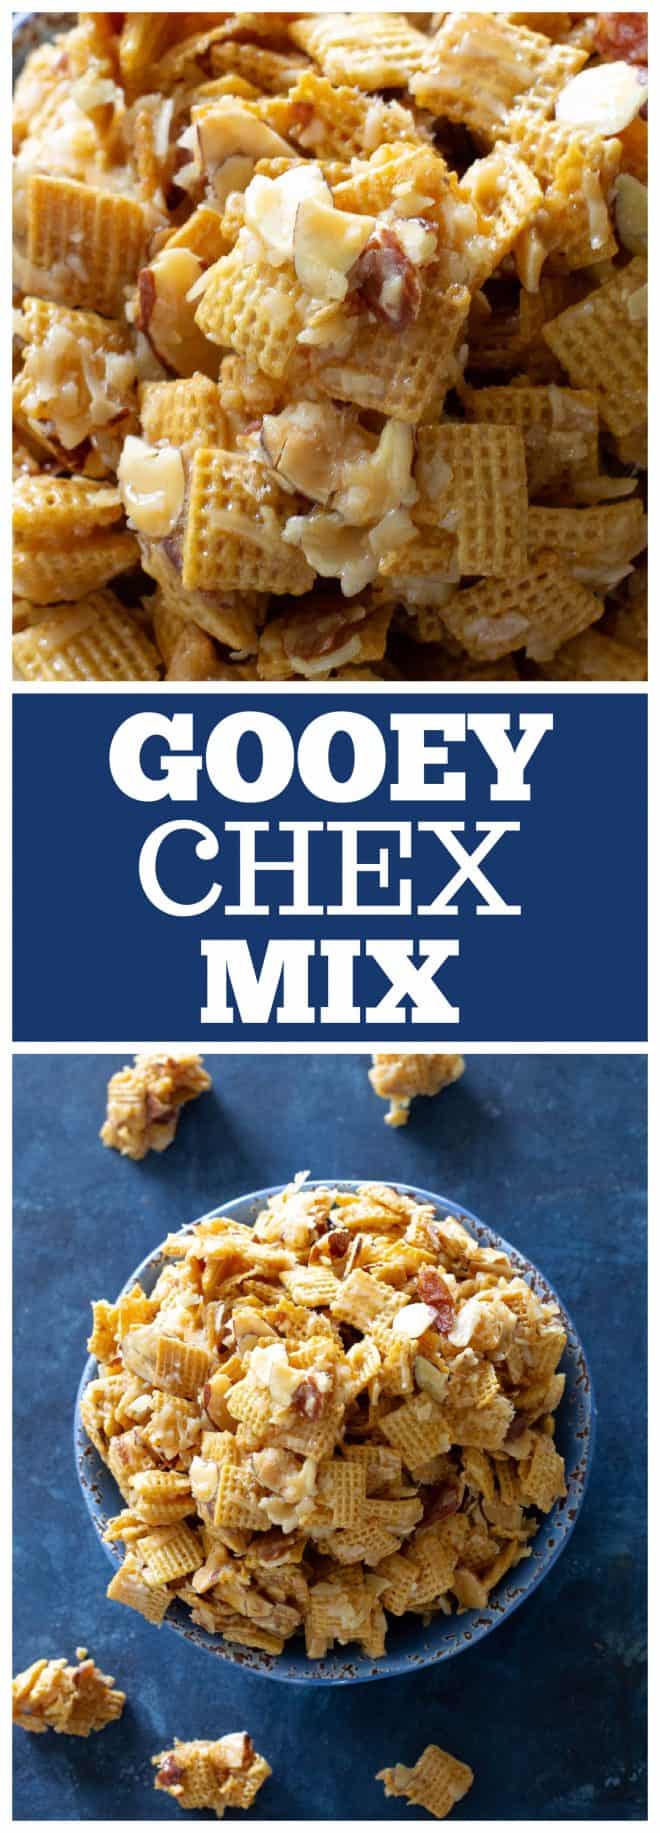 gooey chex mix
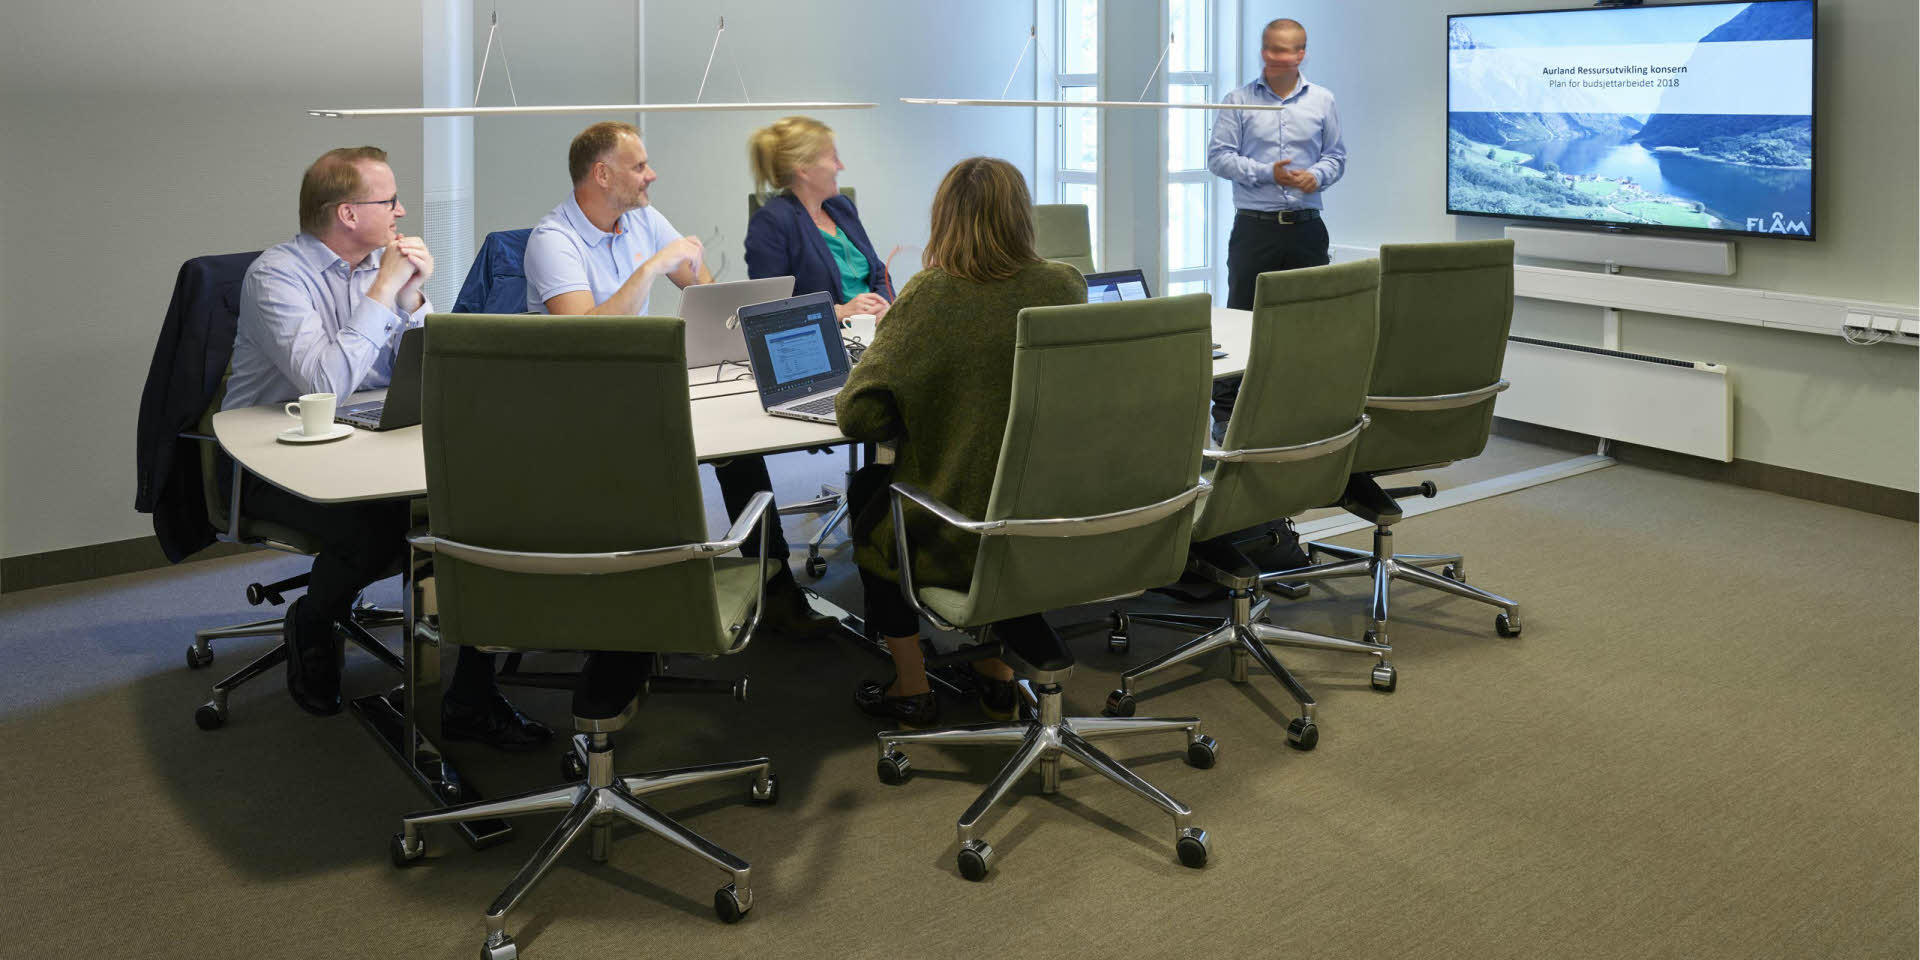 Cuatro personas sentadas en torno a una mesa observan a un hombre que realiza una presentación en el hotel Fretheim
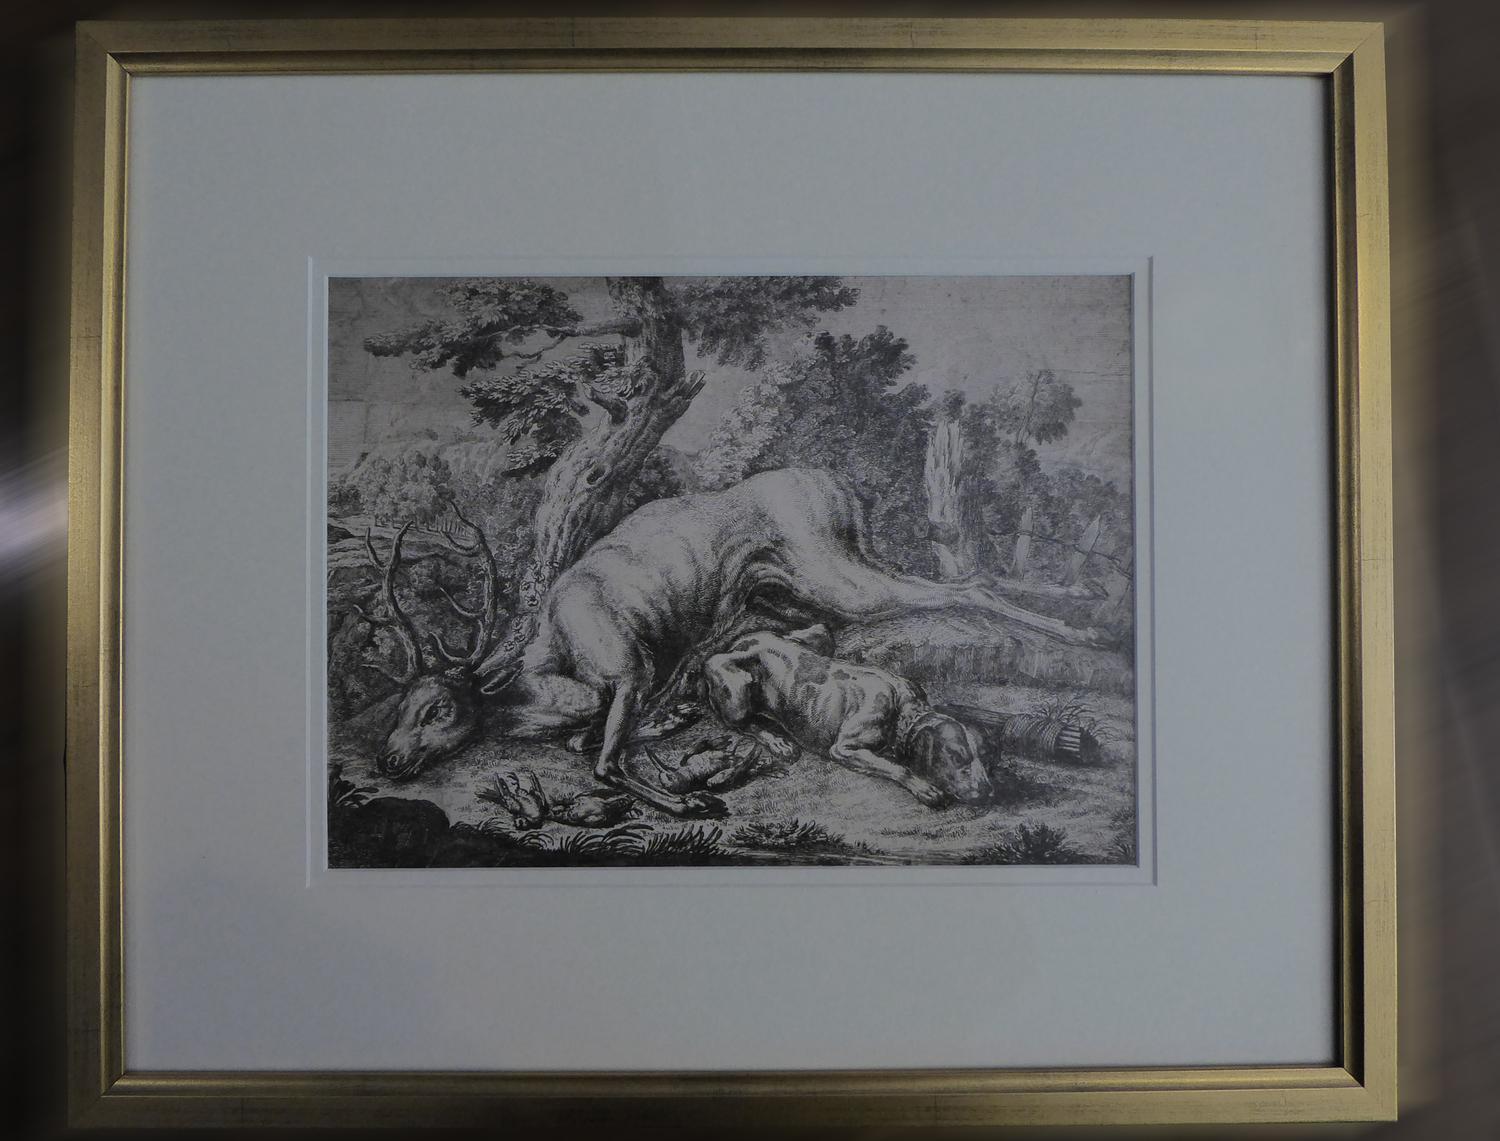 Schöner Kupferstich aus dem 18. Jahrhundert, der einen Hirsch nach der Jagd mit einem prächtigen, ruhenden Hund in einer ländlichen Szene zeigt.
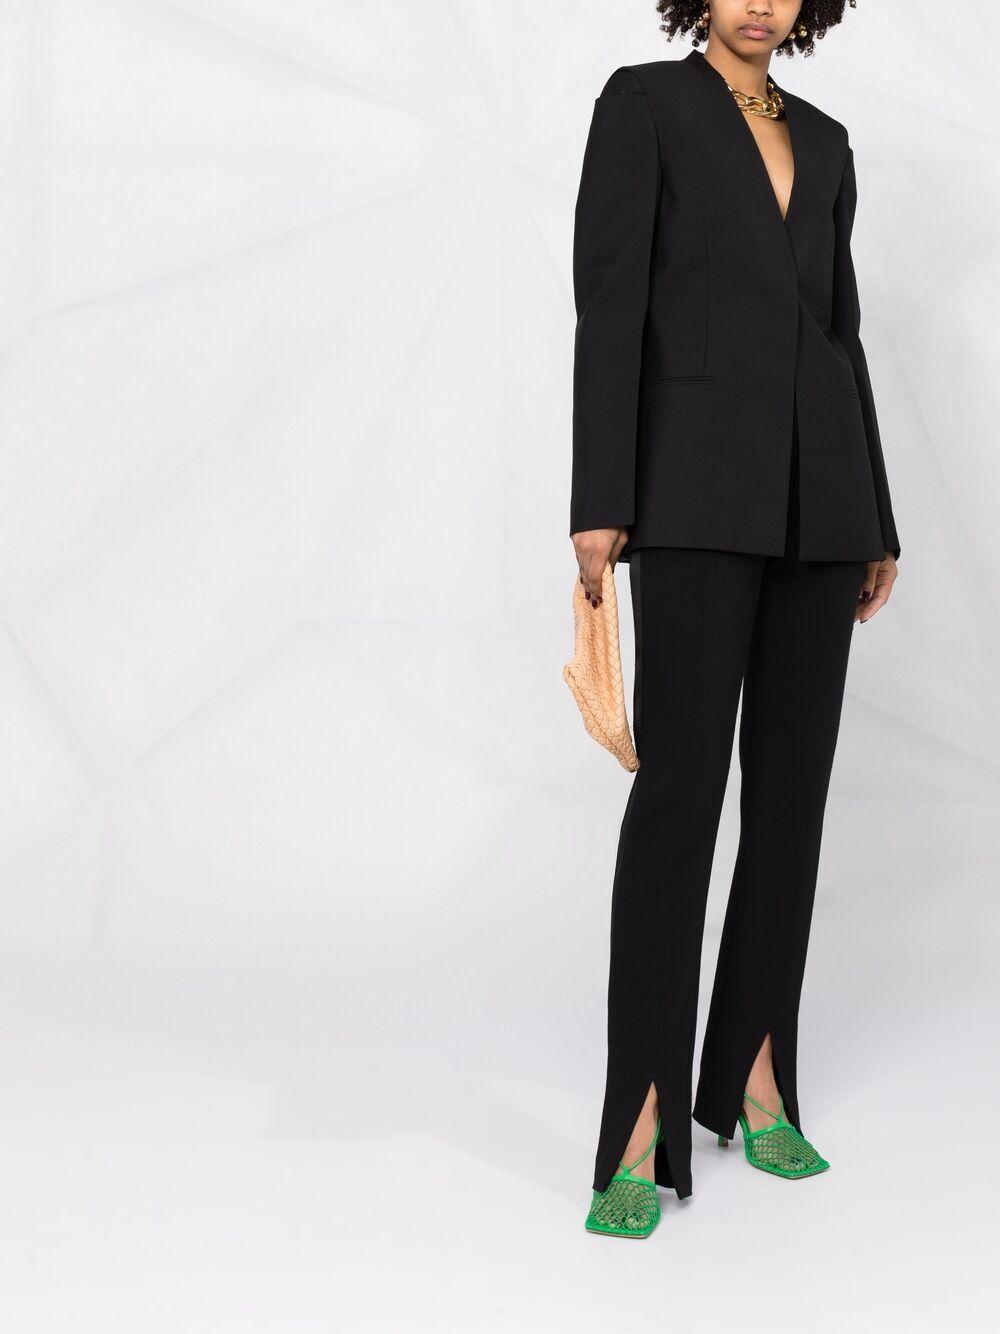 Givenchy Wolle Einreihige Jacke ohne Kragen in Schwarz - Sparen Sie 21% -  Lyst
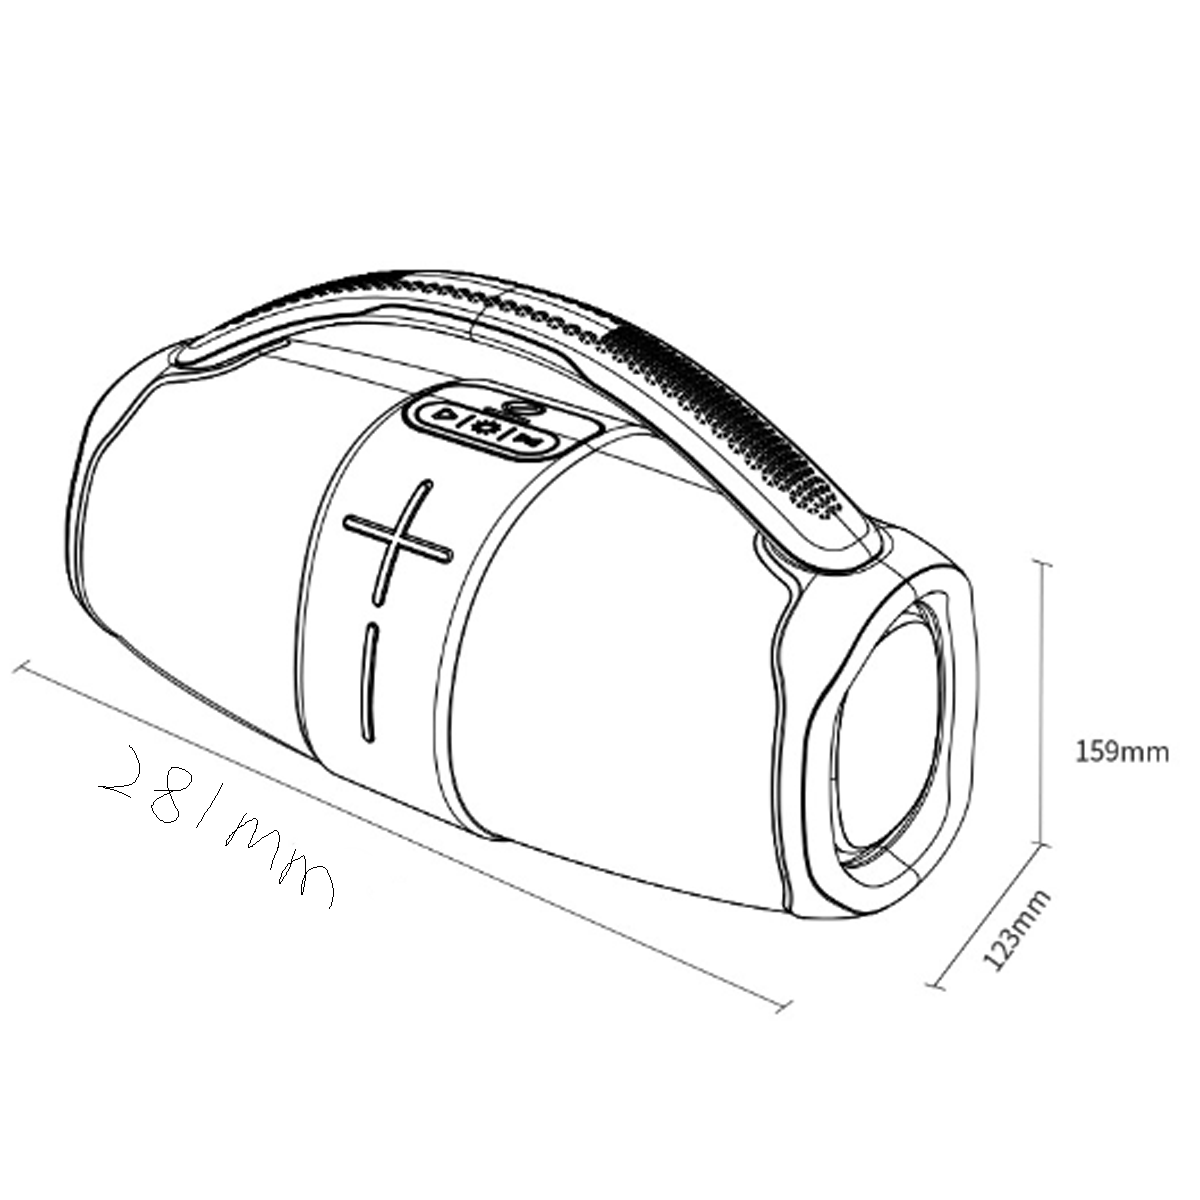 ENBAOXIN Subwoofer-Bluetooth-Lautsprecher, 7 Farben, Lichteffekt, Doppelkonnektivität TWS Orange, Wasserfest Bluetooth-Lautsprecher, Rhythmischer
■ ■ ■ ■ ■ ■ ■
Reproduce the listing above from the line that holds "Cuatro personas sentadas" through the line that holds "Schöner Kupferstich aus", both included, with the pictures left out.

**Solution to this task:**
 Cuatro personas sentadas en torno a una mesa observan a un hombre que realiza una presentación en el hotel Fretheim
 Schöner Kupferstich aus dem 18. Jahrhundert, der einen Hirsch nach der Jagd mit einem prächtigen, ruhenden Hund in einer ländlichen Szene zeigt.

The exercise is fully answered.